I restarted all the kube-ceph nodes one after the other. Nothing has
changed.
ok, I deactivate the snap ... : ceph fs snap-schedule deactivate /
Is there a way to see how many snapshots will be deleted per hour?
Regards,
Gio
Am 17.08.2024 um 10:12 schrieb Eugen Block:
Hi,
have you tried to fail the mgr? Sometimes the PG stats are not
correct. You could also temporarily disable snapshots to see if
things settle down.
Zitat von Giovanna Ratini <giovanna.ratini@xxxxxxxxxxxxxxx>:
Hello all,
We use Ceph (v18.2.2) and Rook (1.14.3) as the CSI for a Kubernetes
environment. Last week, we had a problem with the MDS falling
behind on trimming every 4-5 days (GitHub issue link). We resolved
the issue using the steps outlined in the GitHub issue.

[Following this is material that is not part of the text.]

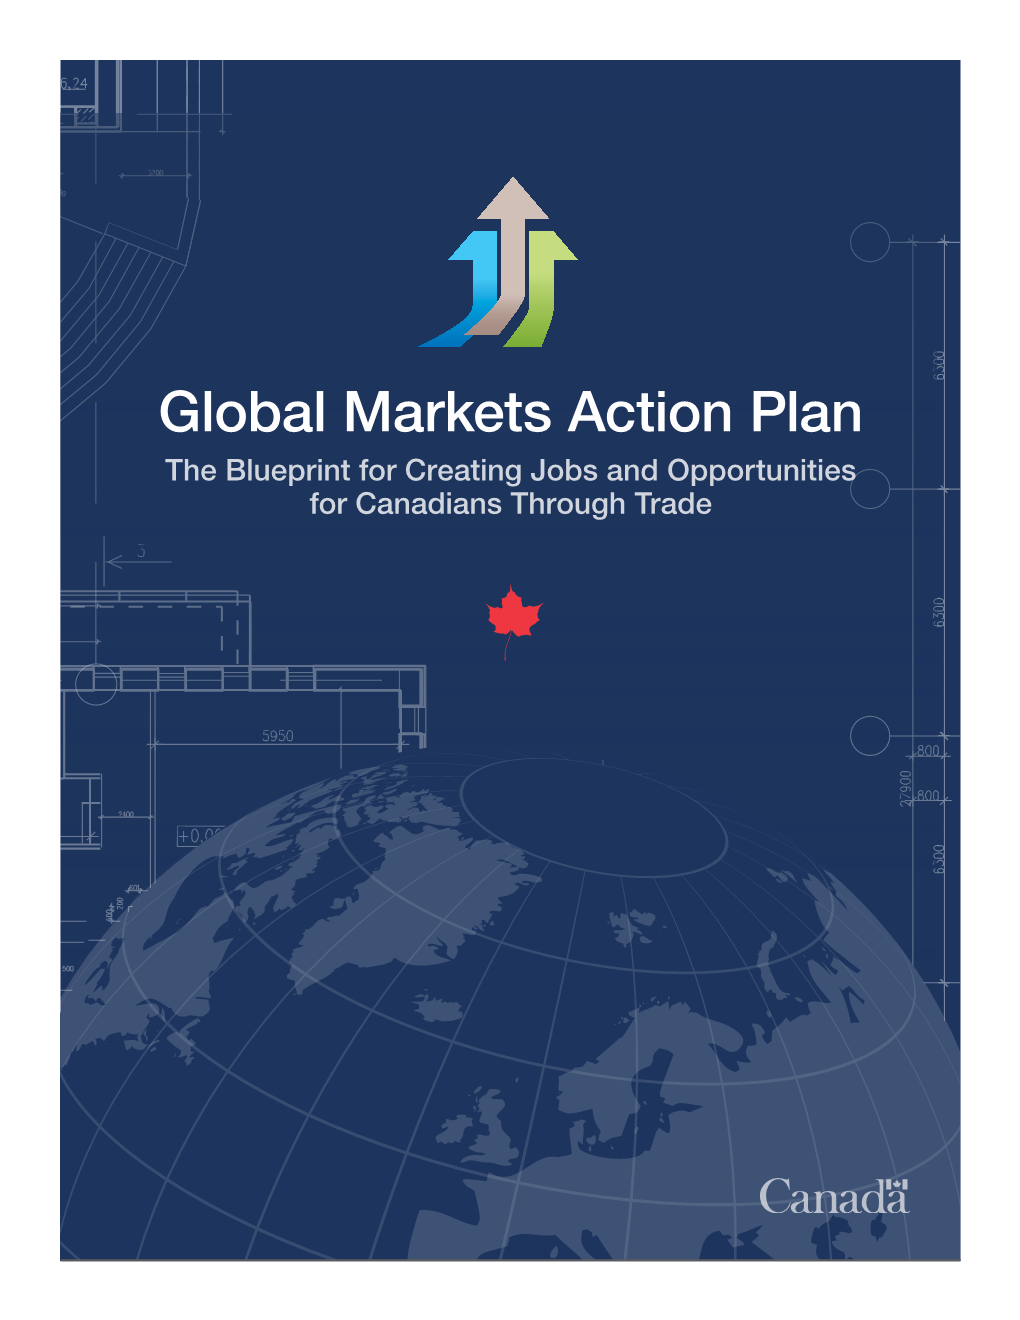 Global Markets Action Plan the Blueprint for Creating Jobs and Opportunities for Canadians Through Trade © Her Majesty the Queen in Right of Canada, 2013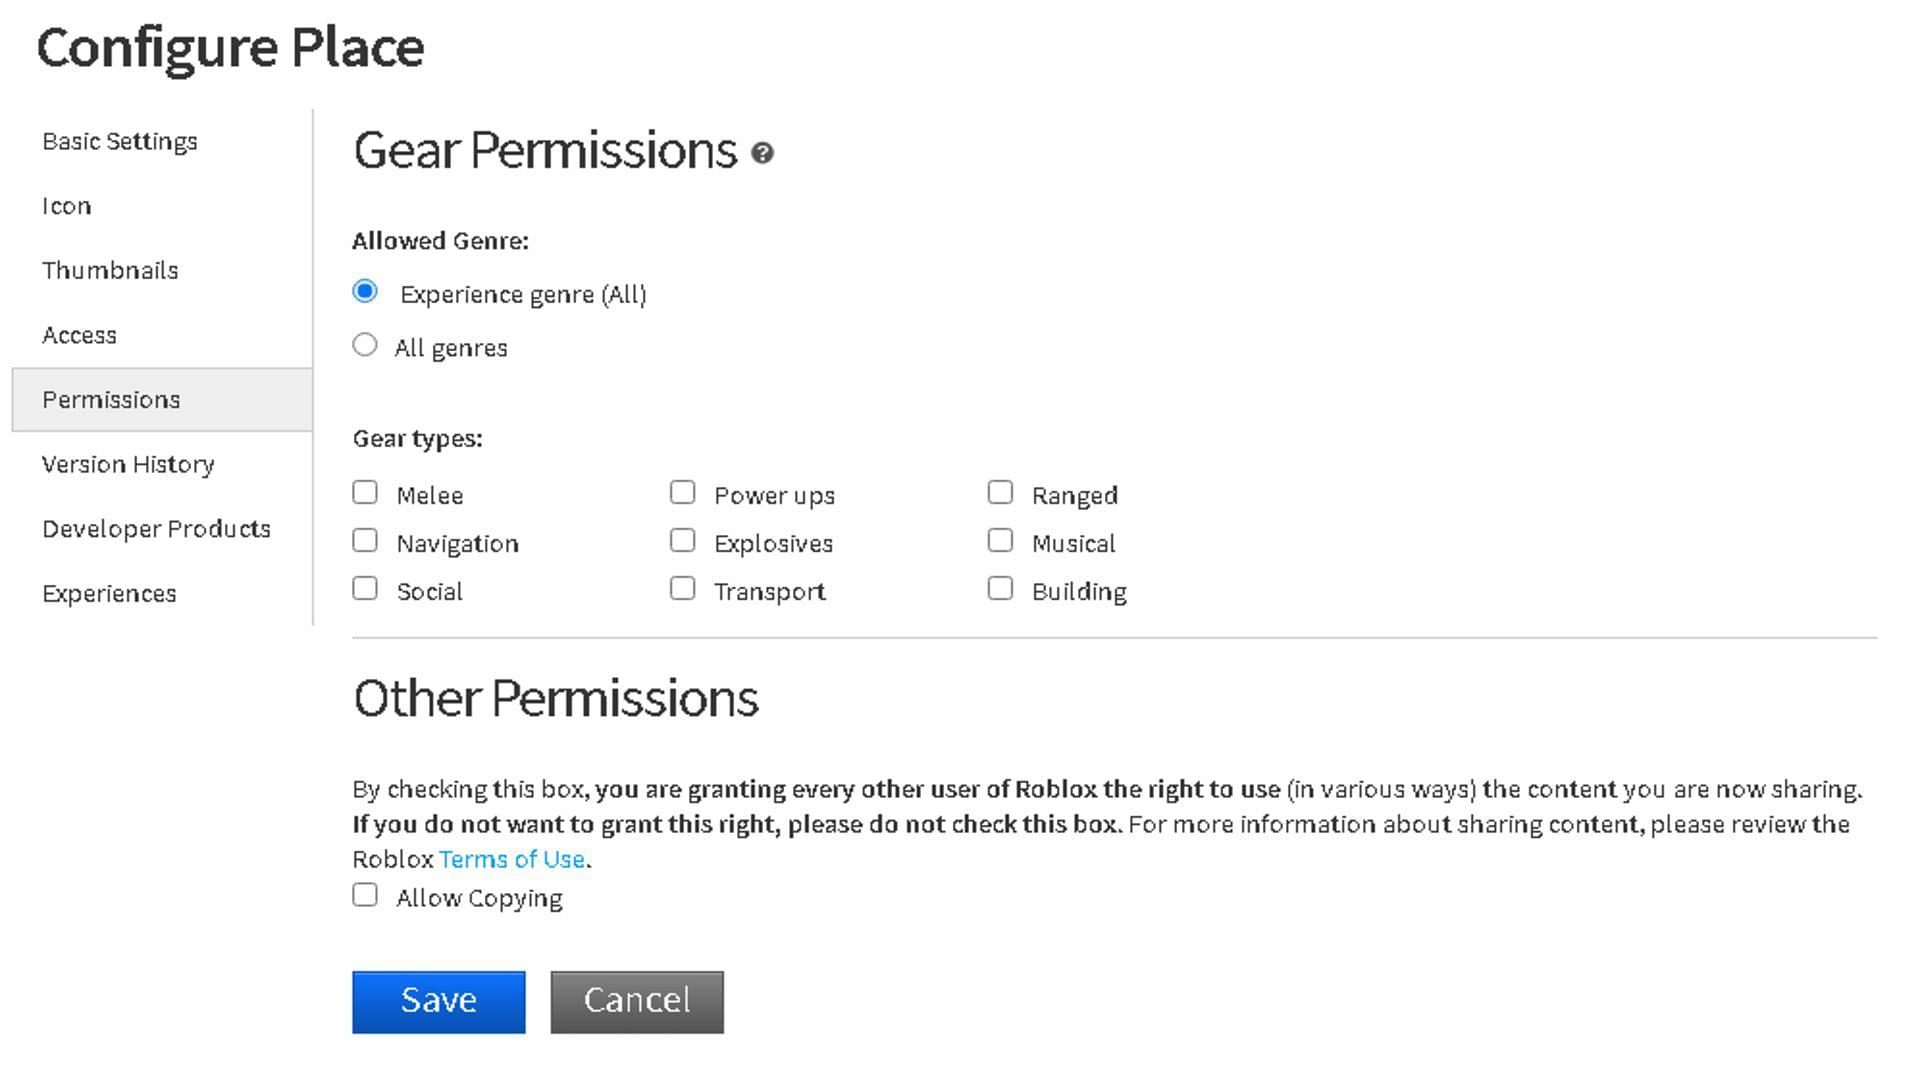 Players have to alter their permissions (Image via Roblox)

We have 3 hosts (I know, I need to increase this as soon as
possible, and I will!) and 6 OSDs. After running the commands:
ceph config set mds mds_dir_max_commit_size 80,
ceph fs fail <fs_name>, and
ceph fs set <fs_name> joinable true,
After that, the snaptrim queue for our PGs has stopped decreasing.
All PGs of our CephFS are in either active+clean+snaptrim_wait or
active+clean+snaptrim states. For example, the PG 3.12 is in the
active+clean+snaptrim state, and its snap_trimq_len was 4077
yesterday but has increased to 4538 today.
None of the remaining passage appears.